Dataset excerpt -
---

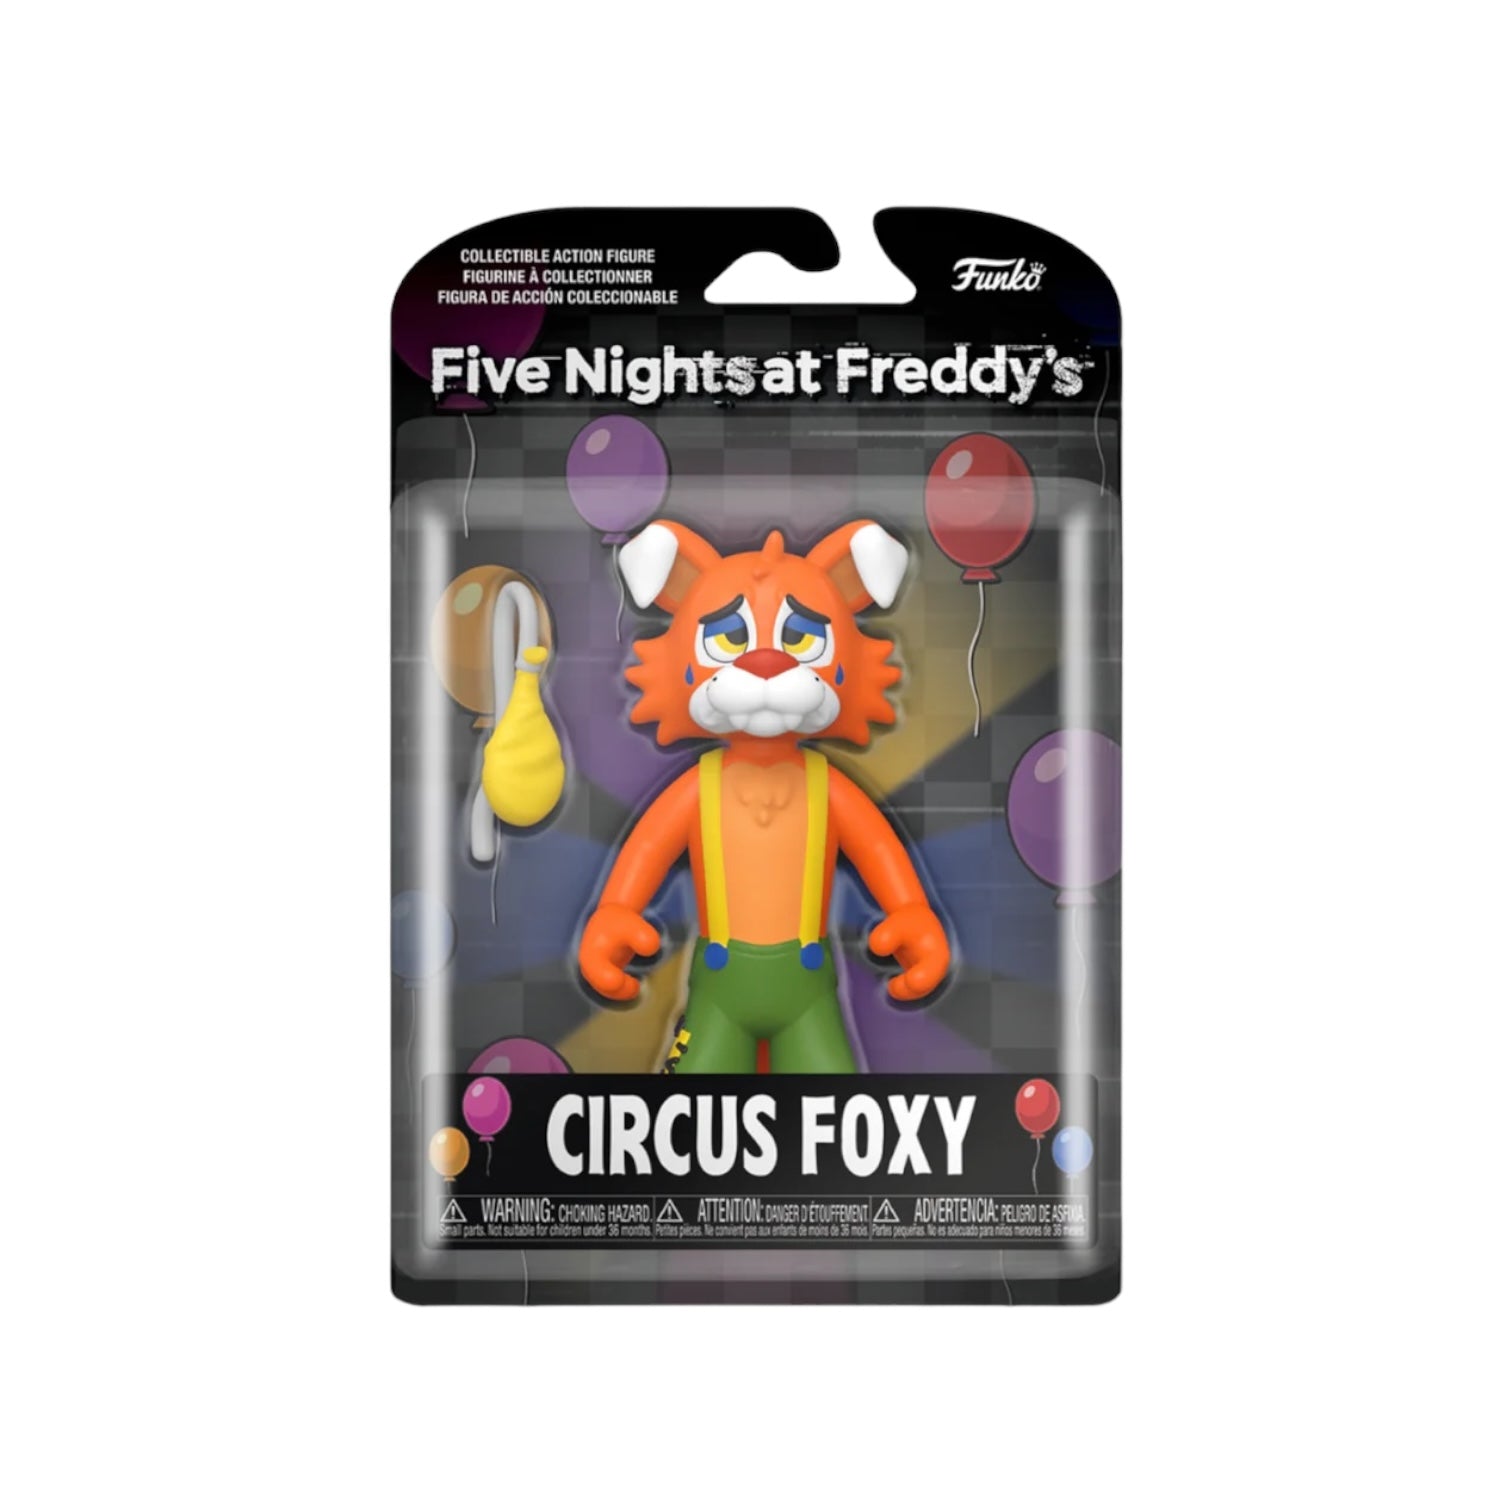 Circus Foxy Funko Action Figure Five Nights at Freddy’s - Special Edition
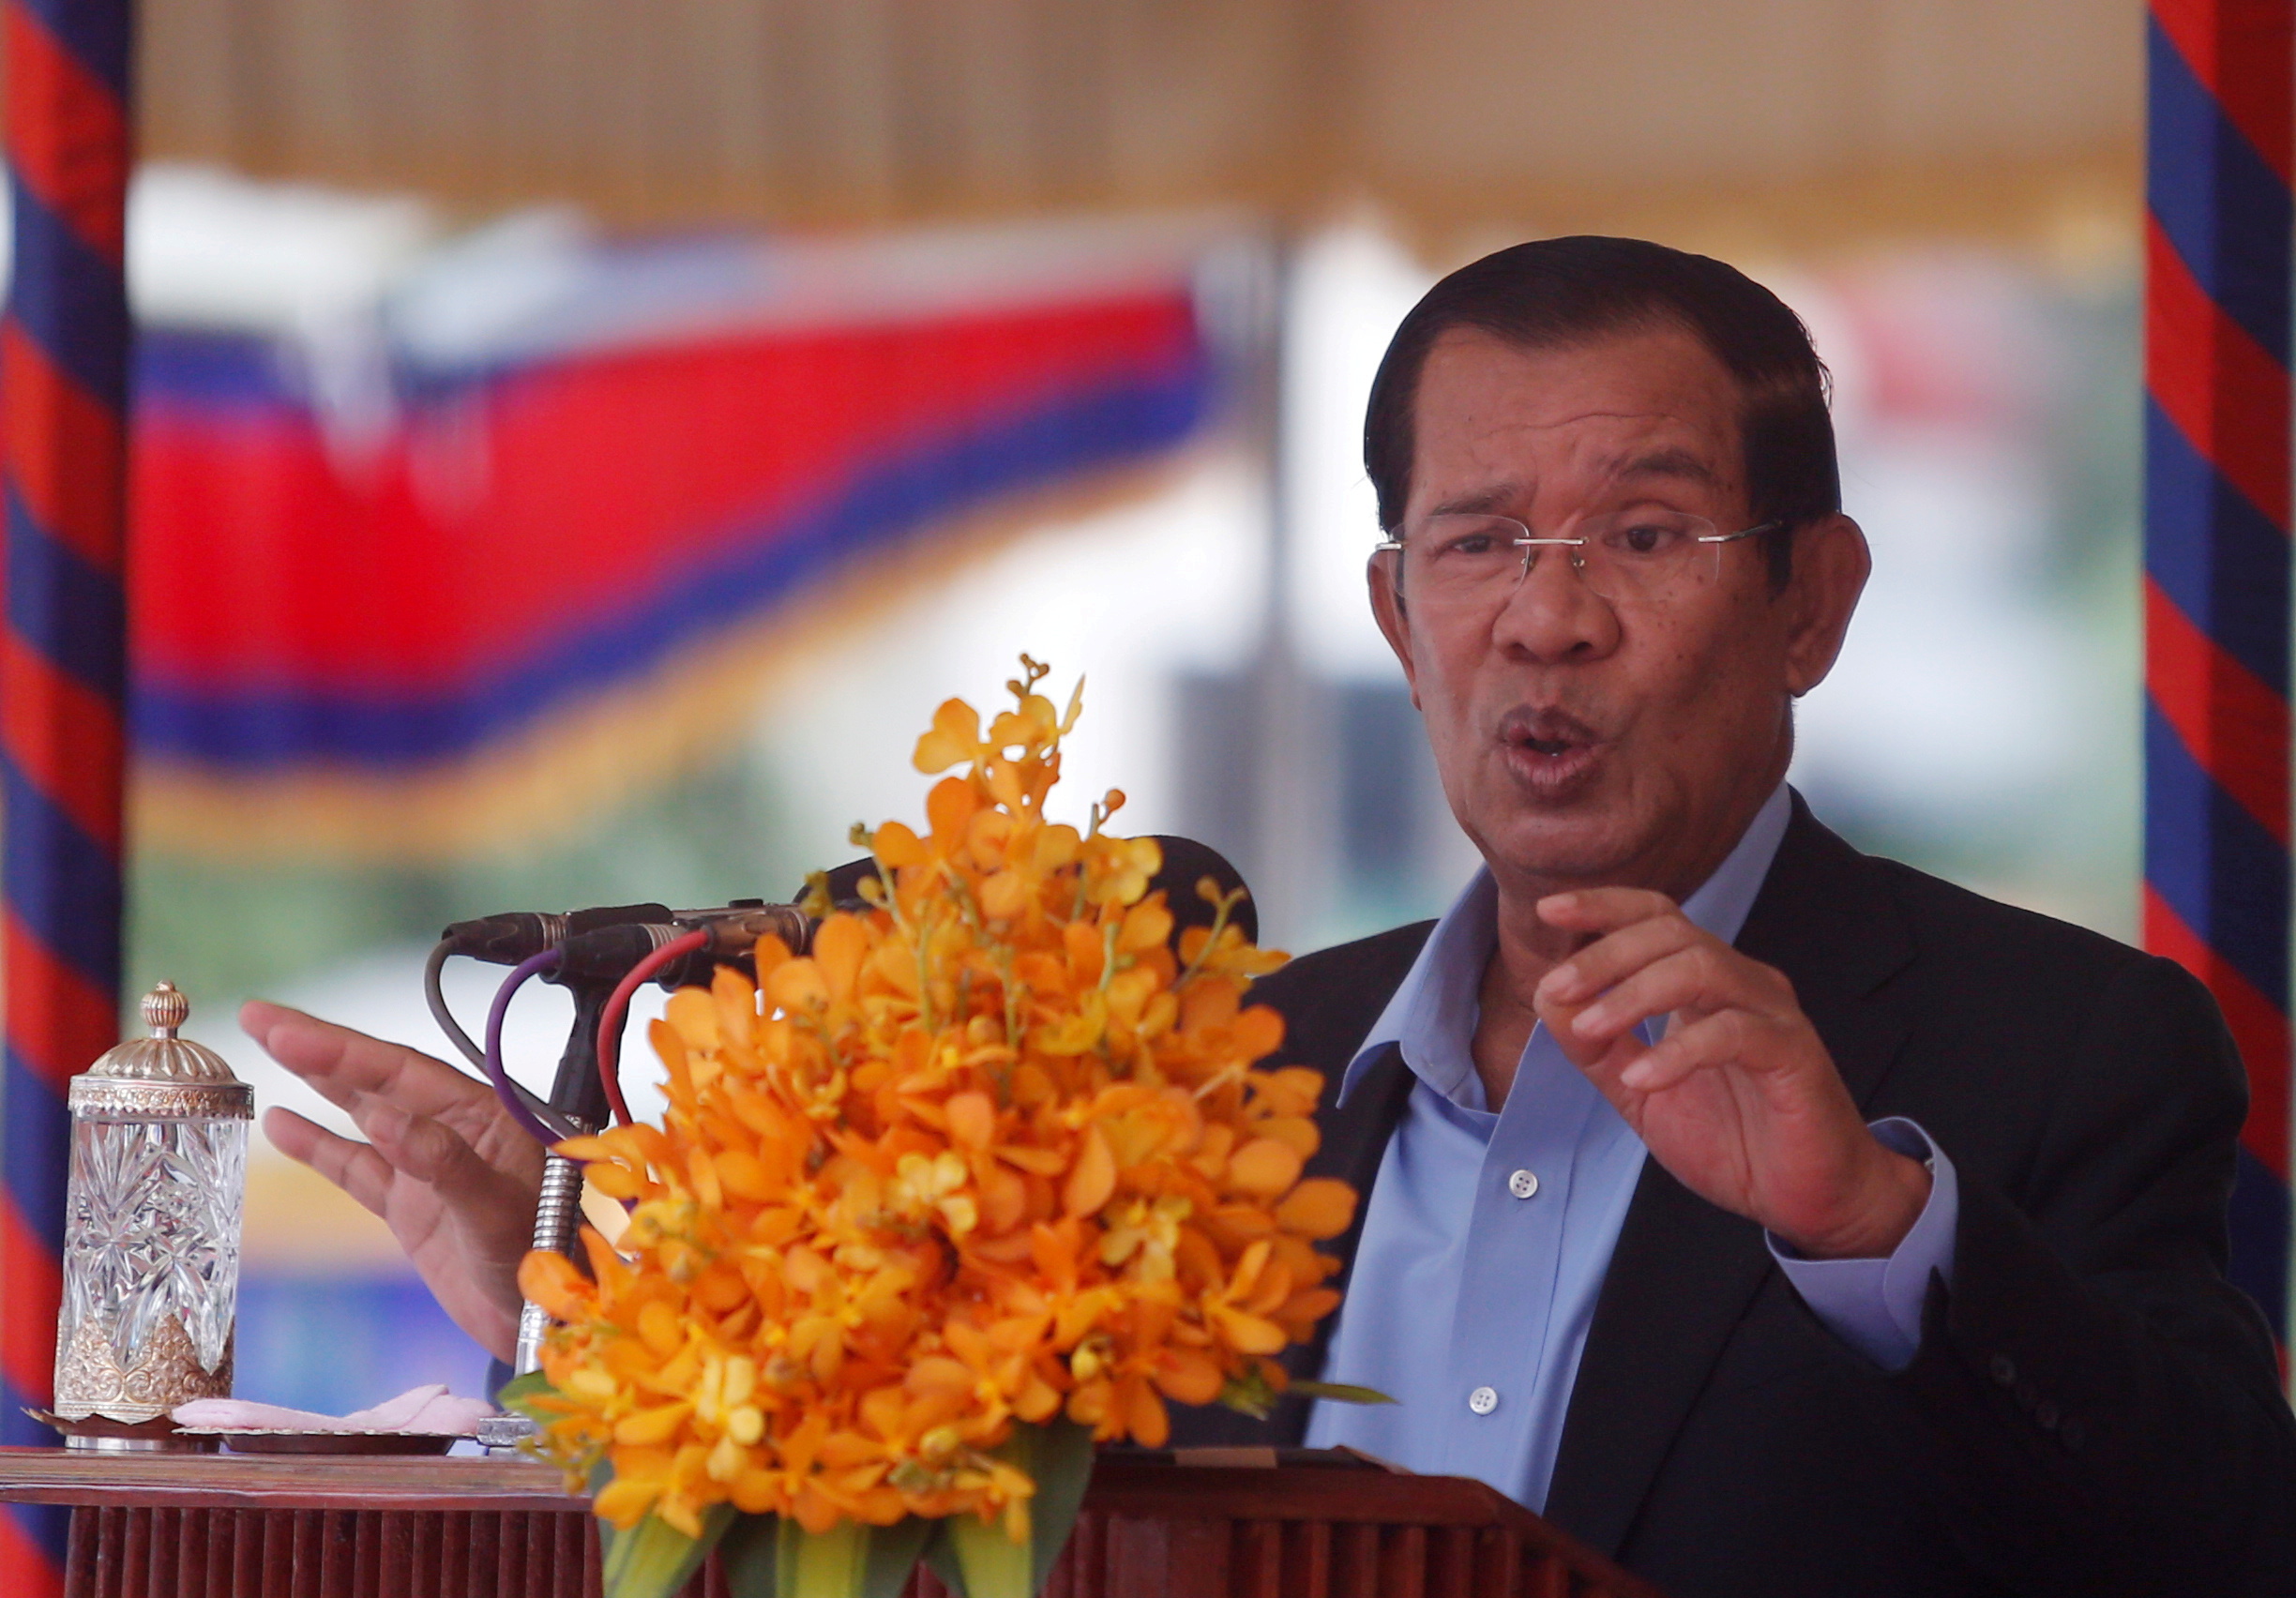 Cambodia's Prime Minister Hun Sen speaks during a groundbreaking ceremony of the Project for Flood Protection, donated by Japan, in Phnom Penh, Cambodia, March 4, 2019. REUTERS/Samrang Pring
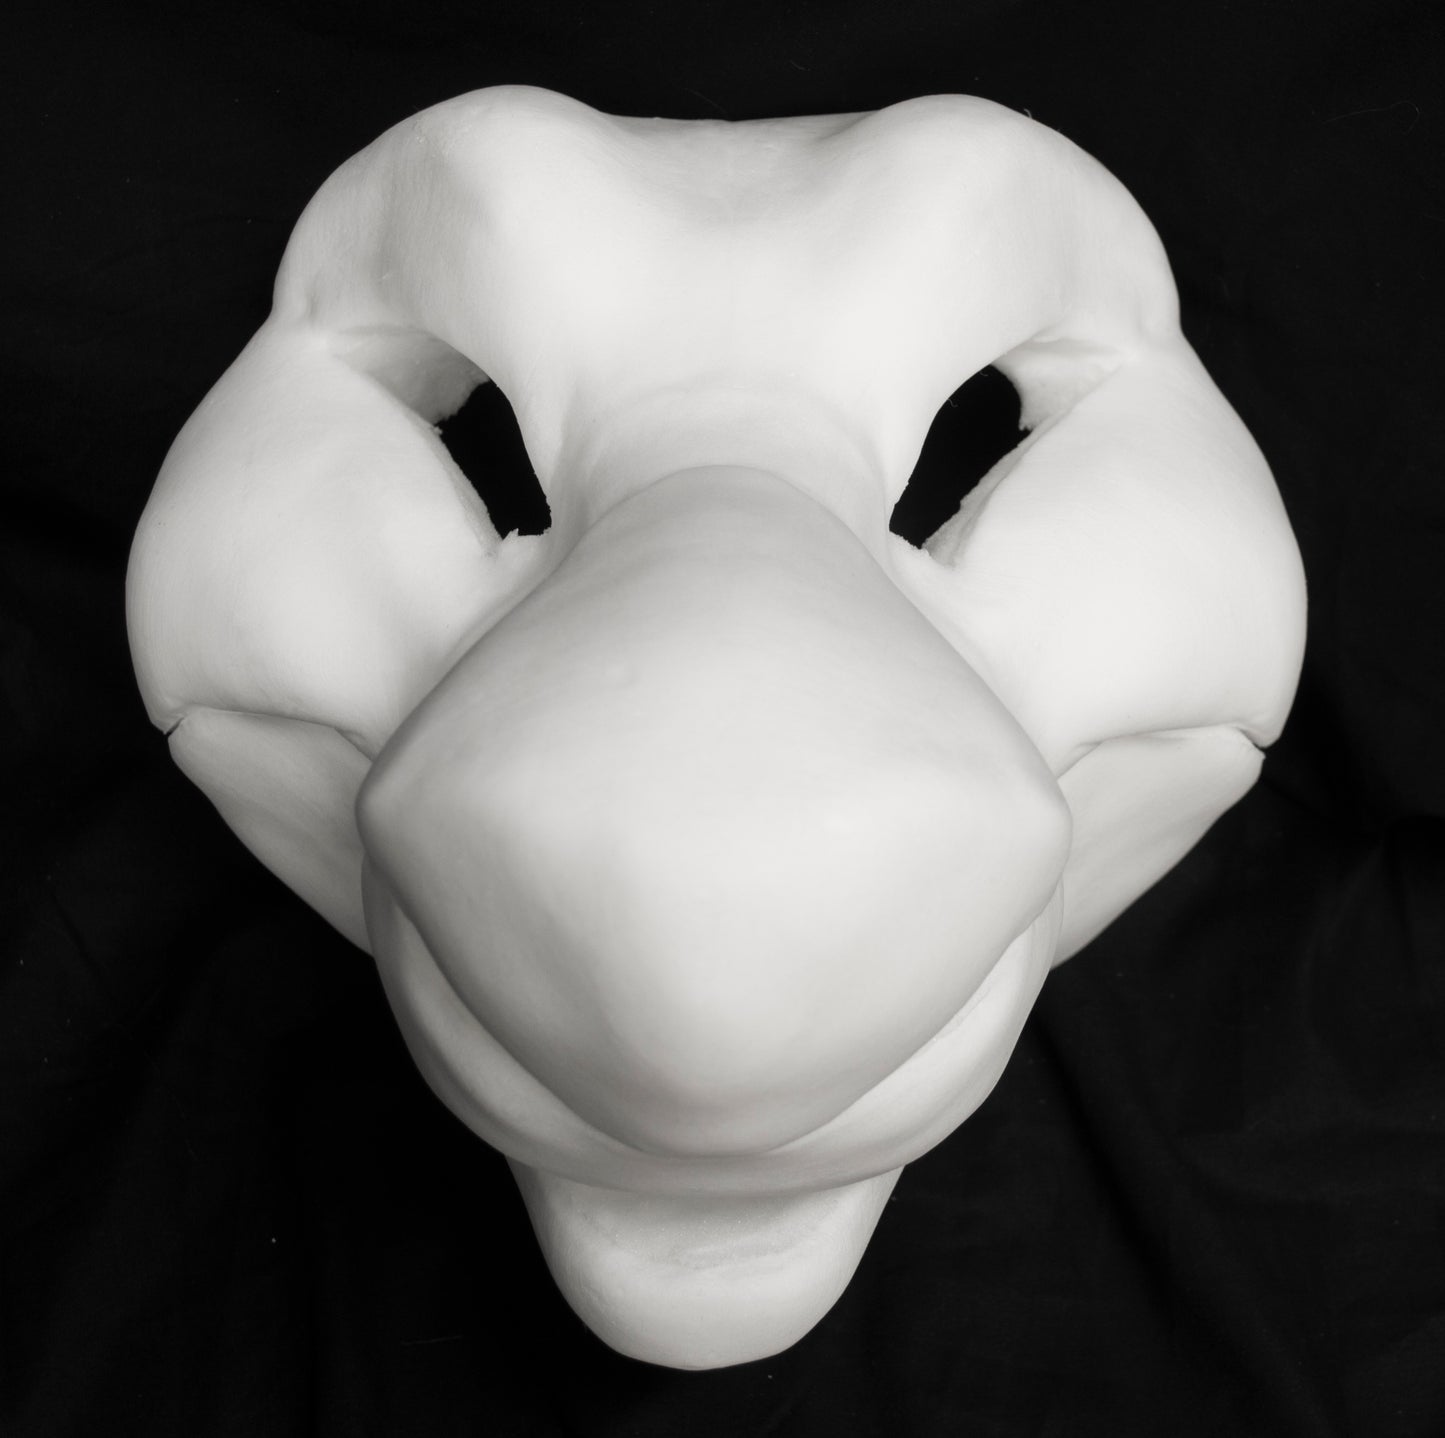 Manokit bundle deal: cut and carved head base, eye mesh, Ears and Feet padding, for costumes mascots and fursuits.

---

Problem to work on -
Pictures in the listing above must be skipped; everything else should be copied exactly.

Answer space -
 Circus Foxy Funko Action Figure Five Nights at Freddy’s - Special Edition
 Cambodia's Prime Minister Hun Sen speaks during a groundbreaking ceremony of the Project for Flood Protection, donated by Japan, in Phnom Penh, Cambodia, March 4, 2019. REUTERS/Samrang Pring
 Manokit bundle deal: cut and carved head base, eye mesh, Ears and Feet padding, for costumes mascots and fursuits.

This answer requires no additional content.